Is it important for a designer and builder to communicate during the design stage?

SP: If I’m not at home in California, when I travel to other places the homeowner typically pays for me to come out and work with them on the design. I may not know who the candidates are for the build process until we’re done. But when Gene and I are on site and we’re reacting to clients and sketching, that’s where the synergy comes in. He comes up with solutions I may not have considered. There was one project we did where we had an idea of how the appointment might go, but when we got to the site it looked like a bomb had gone off in the backyard—there was this huge crater. It turned out the soil conditions were such that Gene was going to have to dig down further, but instead of inserting piles and grade beams, he decided to insert a room below the pool to house all the equipment. I realized that I wasn’t viewing things as expansive as I should have. There was an opportunity there that I hadn’t considered and he came up with it, he executed it, and it was cool.

Is there anything else you’ve learned working with Gene?

SP: I’ve learned a lot about different methods of heating— like geothermal heat transfer systems—to keep water-in-transit details from freezing in Canada’s cold-weather climate. I wouldn’t have learned any of that in Southern California. One of the projects we did has actually changed the entire premise of pool design in Canada; now the Canadians are completely rethinking winterization. When we’re having a conversation with the client, we’ll discuss whether we want to build the pool around having a cover or just keeping it warm enough to keep it from freezing and leaving the cover off. Their first question is, “Well, isn’t that expensive?” But winterizing a pool isn’t free. You have the expense of winterization plus starting it back up in the spring—and then there’s always the potential for damage during the winter.

Do you find there is any difference when working on a project together compared with the separate projects you do through your companies?

GB: I enjoy working with Skip and appreciate the international flair that he brings to his designs.
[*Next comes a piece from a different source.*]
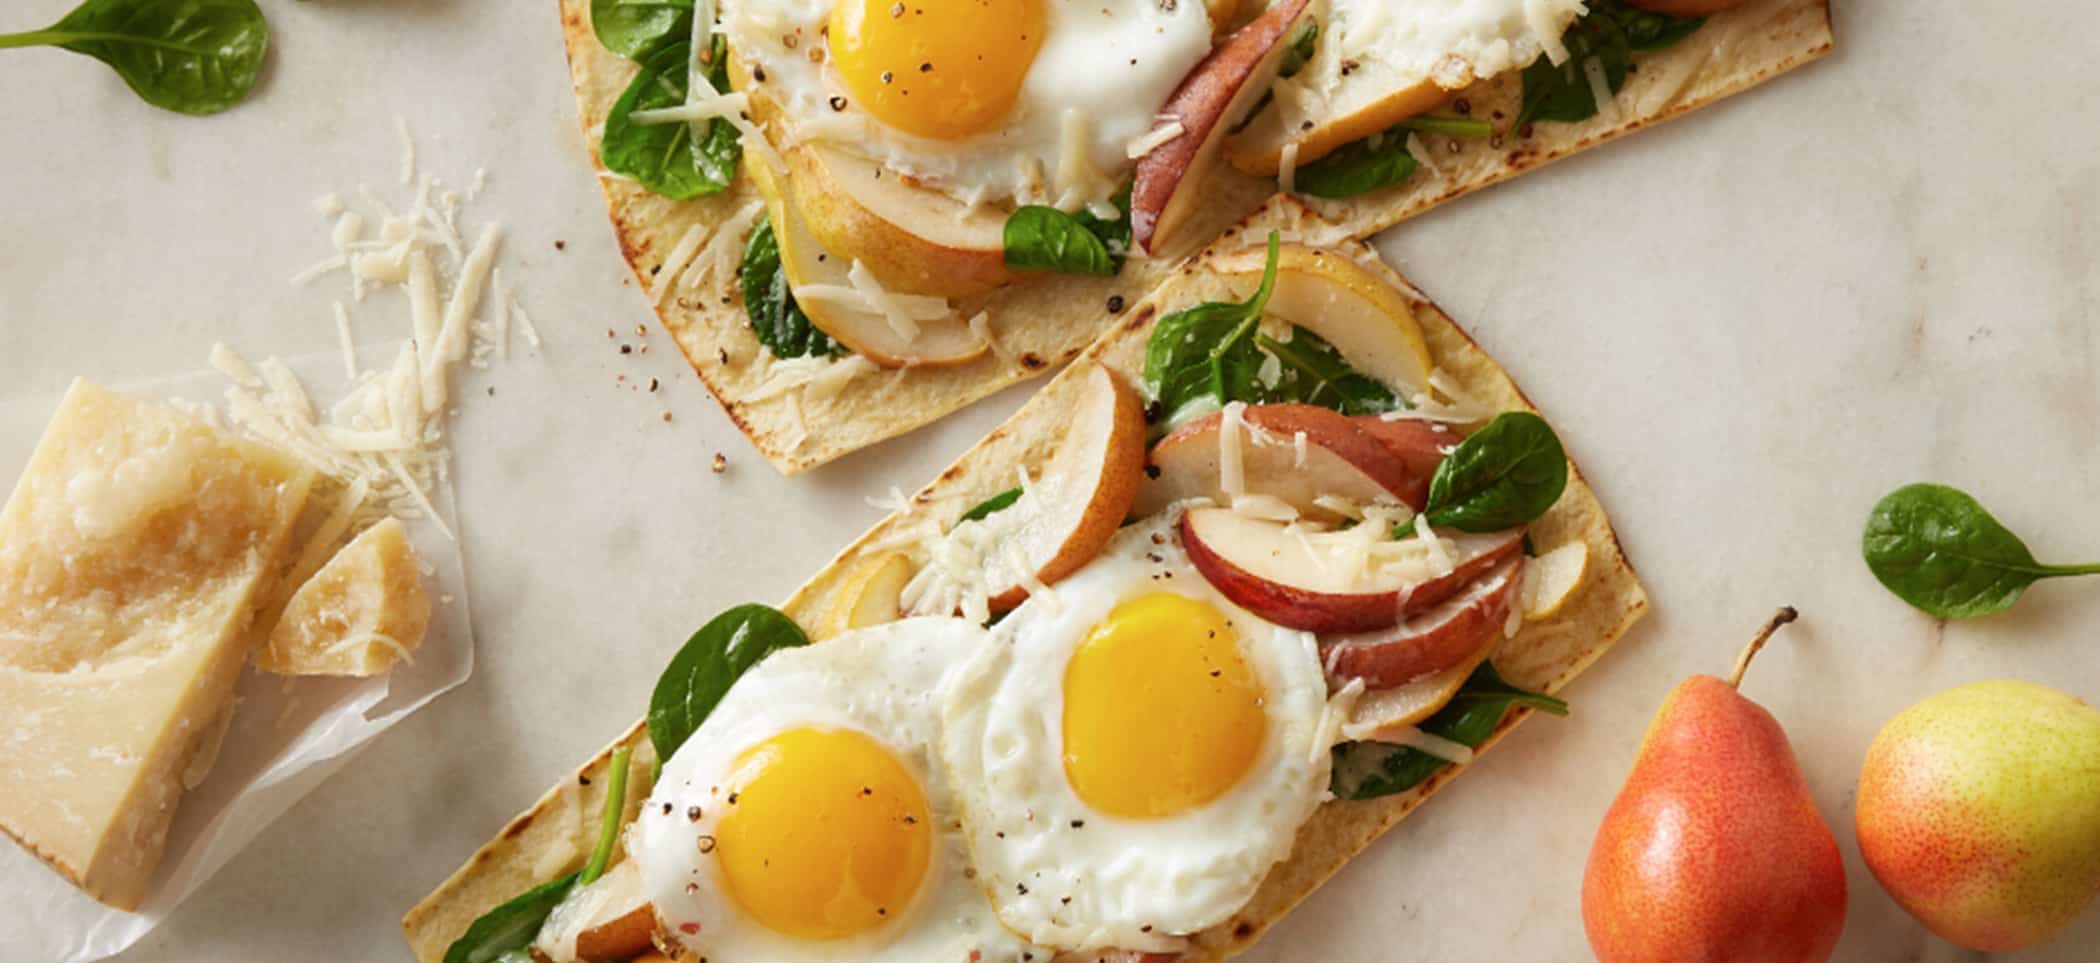 Pear Spinach and Egg Flatbread

It’s also nice because I can get a different perspective. I might think a little bit differently and have different perspectives on details, so I draw them out and bounce them around. I may have the right one, or he may have the right one at the time. It’s nice because it’s not competitive, it’s just a matter of taking a look and finding out what’s going to work best environmentally and for the customer.
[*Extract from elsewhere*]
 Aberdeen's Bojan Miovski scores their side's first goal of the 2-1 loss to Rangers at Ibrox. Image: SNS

The advantage of working with Skip is that he’s traveled all around the world and has seen different details, so I know what’s possible and can start at a higher level. The more we see and learn, the more we can use those details to make things better—and that’s what we want to do, make it as perfect as possible.

What advice do you have for homeowners when selecting a pool designer or pool builder?

SP: Like the saying goes, “For anything worth having one must pay the price.” Most of the pool images that homeowners see are simply the pool guy that was the low bidder on somebody else’s idea, which means he was willing to degrade the project the most. That’s hardly a criteria to pick a pool builder or designer. If you look at the educational background and if you look at their work product, then you’re going to have a much better feel for what’s available.


Skip Phillips is president of Questar Pools and Spas in Escondido, CA., and is well known as a vanishing-edge and hydraulics expert.

Gene Brown is the owner of Valley Pool and Spa in Kelowna, B.C., Canada. He is a certified and accredited member of the Society of Watershape Designers and specializes in vanishing edges, perimeter overflows, and other challenging designs for residential and commercial clients.

Photo courtesy of Valley Pool and Spa Inc.